Kinshasa, 1er juin 2026 (ACP). – Une ressortissante colombienne ayant séjourné temporairement en République démocratique du Congo, en provenance des États-Unis d’Amérique, dans le cadre du dispositif d’accueil de ressortissants de pays tiers a quitté le territoire national lundi pour regagner son pays d’origine, selon des sources gouvernementales.
« Ce nouveau départ s’inscrit dans la continuité de la mise en œuvre du mécanisme annoncé par le Gouvernement congolais au mois d’avril dernier, dont les autorités avaient précisé dès son lancement qu’il revêtait un caractère strictement temporaire et ne constituait ni un programme d’installation durable ni un mécanisme de relocalisation permanente », a indiqué la source.
Selon les mêmes sources, plusieurs personnes accueillies dans le cadre de ce dispositif poursuivent leurs démarches administratives en vue d’un retour volontaire vers leurs pays respectifs, conformément aux procédures prévues avec les partenaires concernés.
Ce départ intervient quelques semaines après celui d’un premier ressortissant colombien ayant également regagné son pays d’origine à l’issue de son séjour temporaire en République démocratique du Congo.
Des sources proches du dossier indiquent par ailleurs que d’autres États ont manifesté leur disponibilité à accueillir ou à faciliter le retour de certains de leurs ressortissants concernés par ce programme.
Toutefois, soulignent-elles, ces retours demeurent fondés sur une démarche volontaire des personnes concernées, dans le respect des procédures administratives et des considérations liées à leur sécurité.
Les autorités congolaises affirment poursuivre la coordination avec les institutions nationales compétentes ainsi qu’avec les partenaires impliqués afin d’accompagner les différentes situations individuelles encore en cours de traitement.
Pour le Gouvernement, l’évolution actuelle du dossier confirme le caractère transitoire du dispositif mis en place et les engagements pris au moment de son lancement.
ACP/
Supposons que cette personne est originaire de la ville de Bogota.

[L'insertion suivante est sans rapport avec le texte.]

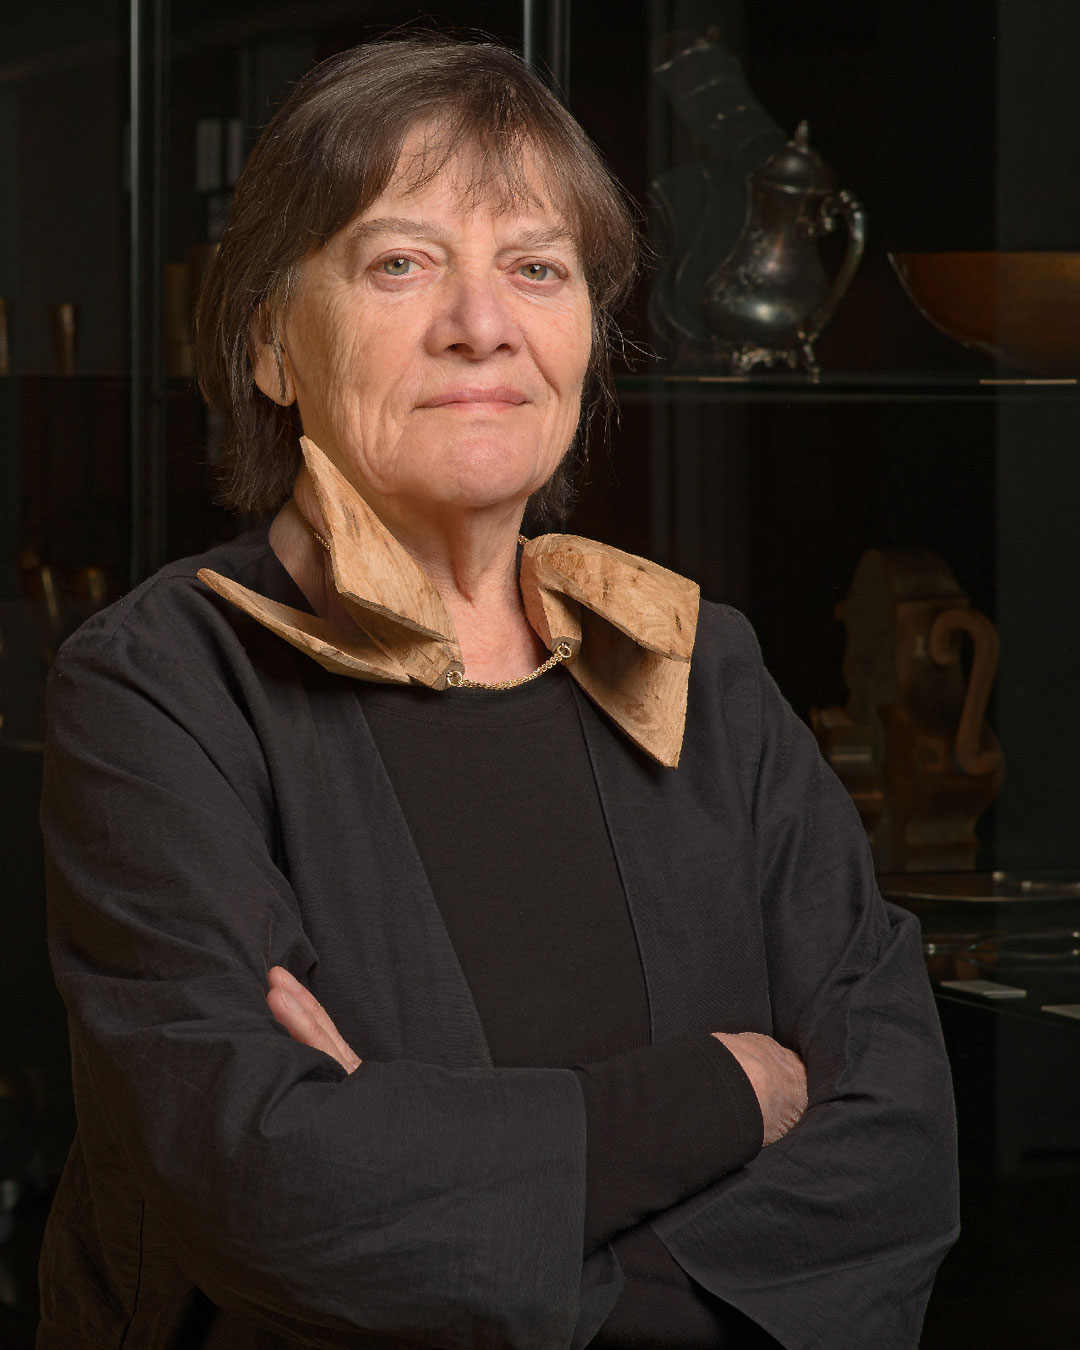 Marie-José van den Hout wearing Dorothea Prühl's necklace Two Large Birds, 2020, elm wood and gold, price on request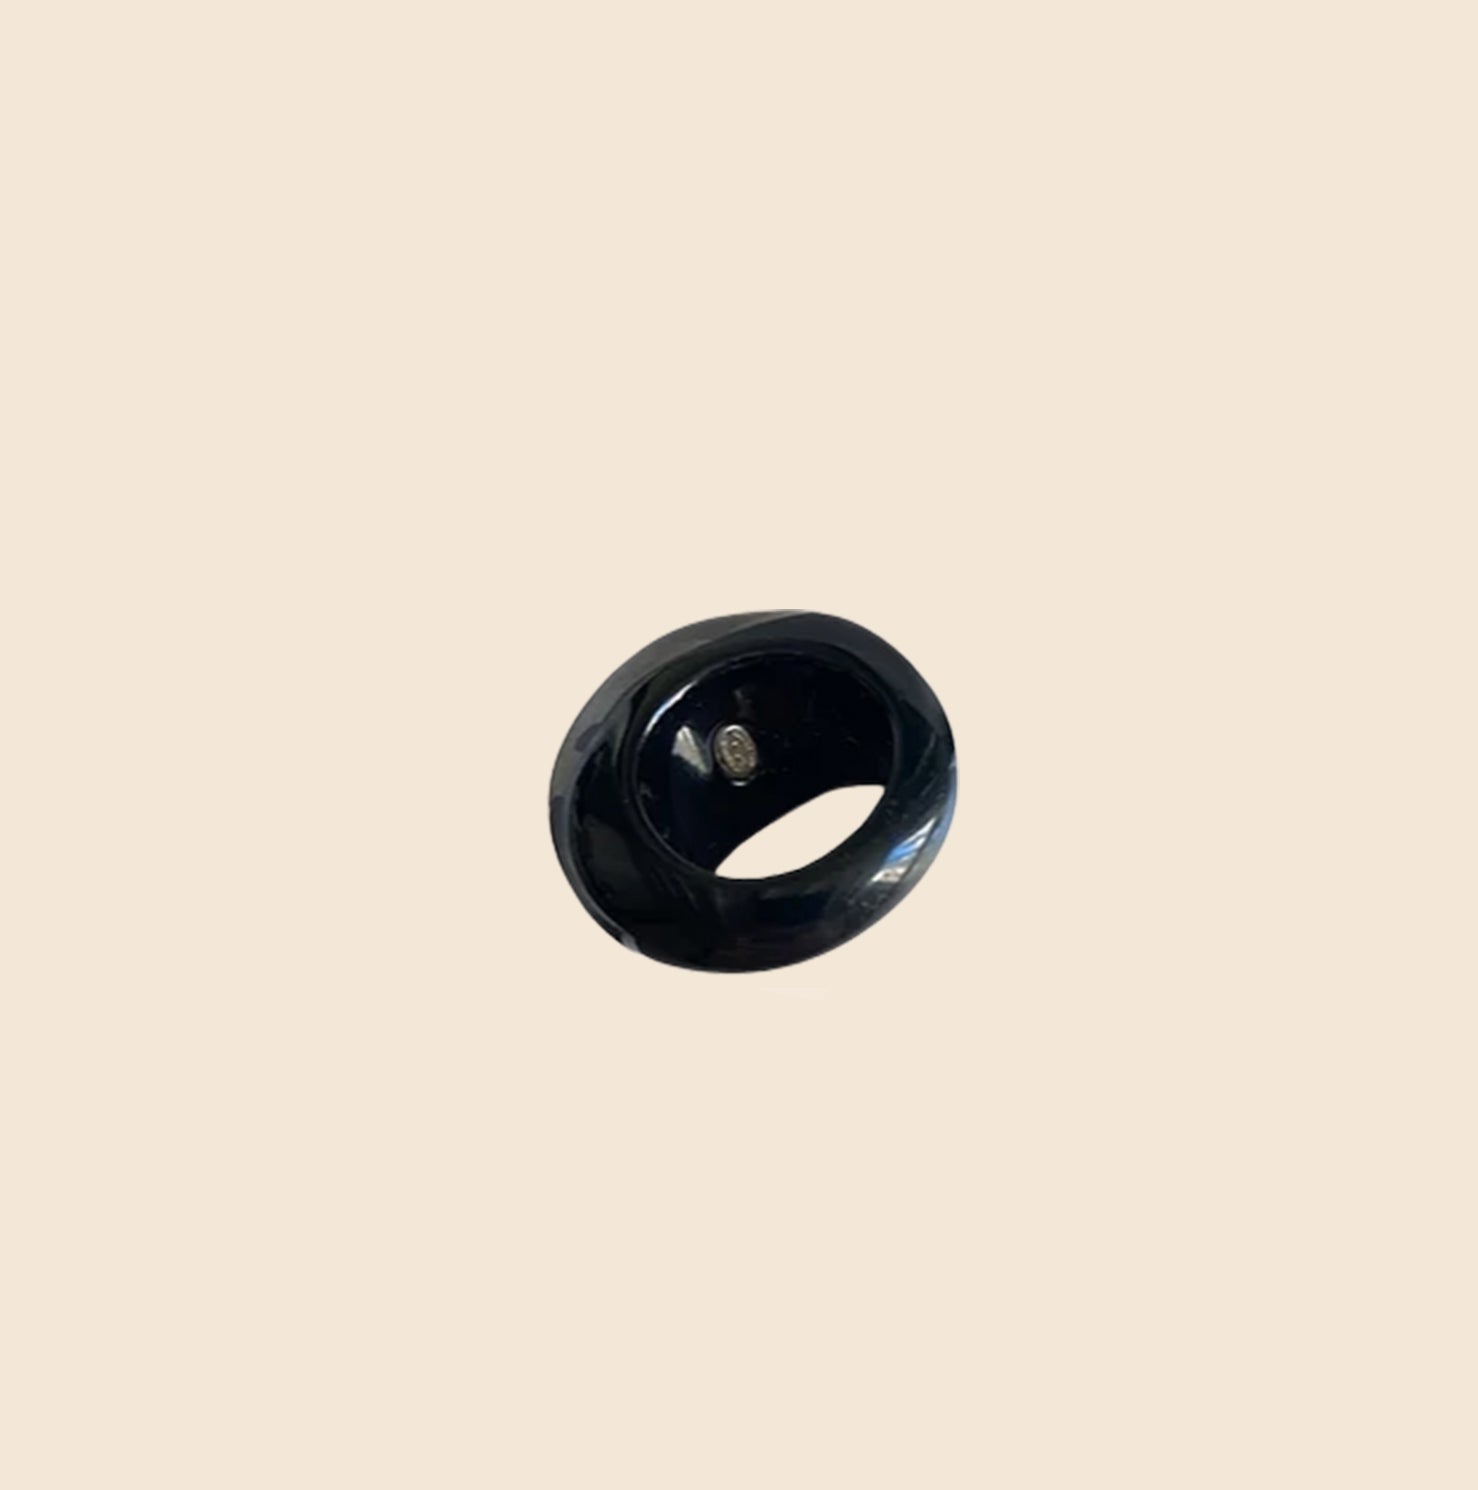 Chanel CC Resin Band Ring - Size 6.5

À la louche, l’itinéraire Bogota → Washington → Kinshasa → Bogota représente environ :
• Bogota → Washington : ~3 800 km
• Washington → Kinshasa : ~10 600 km
• Kinshasa → Bogota : ~10 100 km
Total : environ 24 500 km parcourus.
Pour le bilan carbone, en prenant un facteur moyen de l’ordre de 150 à 200 g de CO₂ par passager-kilomètre sur des vols long-courriers, on obtient :
• 24 500 km × 0,15 kg = ~3,7 tonnes de CO₂
• 24 500 km × 0,20 kg = ~4,9 tonnes de CO₂
Soit entre 4 et 5 tonnes de CO₂ pour une seule personne, l’équivalent de plusieurs mois, voire plus d’une année d’émissions liées aux déplacements d’un habitant de nombreux pays.
Quelle magnifique démonstration d’efficacité administrative internationale. Une Colombienne quitte la Colombie, se retrouve aux États-Unis, est arrêtée par l’ICE, expédiée au Congo dans le cadre d’un accord dont le contenu semble relever davantage du secret d’État que de la transparence démocratique, puis finit par retourner en Colombie. Résultat : 24 500 kilomètres parcourus pour revenir au point de départ.
À ce stade, ce n’est plus une politique migratoire, c’est un programme de fidélité aérienne.
On nous explique que le dispositif est « temporaire ». C’est vrai : temporaire pour tout le monde, sauf pour les contribuables qui financent les billets, les procédures, la logistique et la communication officielle destinée à présenter ce grand détour transcontinental comme une réussite diplomatique.
L’ironie est saisissante. Pendant que certains nous vantaient le Congo comme la future « Allemagne de l’Afrique », les personnes qu’on y envoie semblent surtout chercher la sortie le plus rapidement possible. Difficile de vendre le paradis quand le premier réflexe des visiteurs involontaires consiste à demander le billet retour.
Et quel bilan ! Des milliers de kilomètres, plusieurs tonnes de CO₂, des coûts considérables, des semaines de procédures et, au final, une conclusion digne d’un sketch administratif : Bogota → Washington → Kinshasa → Bogota.
La montagne bureaucratique a accouché d’un aller-retour. Avec escale politique, supplément opacité et empreinte carbone comprise.
J’espère que cette pauvre personne n’a pas attrapé la lèpre ou…Ebola.
C’est mieux ainsi. L’explication selon laquelle le Congo avait accepté de recevoir ces étrangers avait pour but de rendre service a » l’ami » Trump ne tenait pas la route. Maintenant que ces hommes et ces femmes ont décidé individuellement et volontairement de rentrer chez eux ne peut qu’être apprécié. Il faut arrêter de se complaire dans une compassion naïve et coûteuse pour le pays.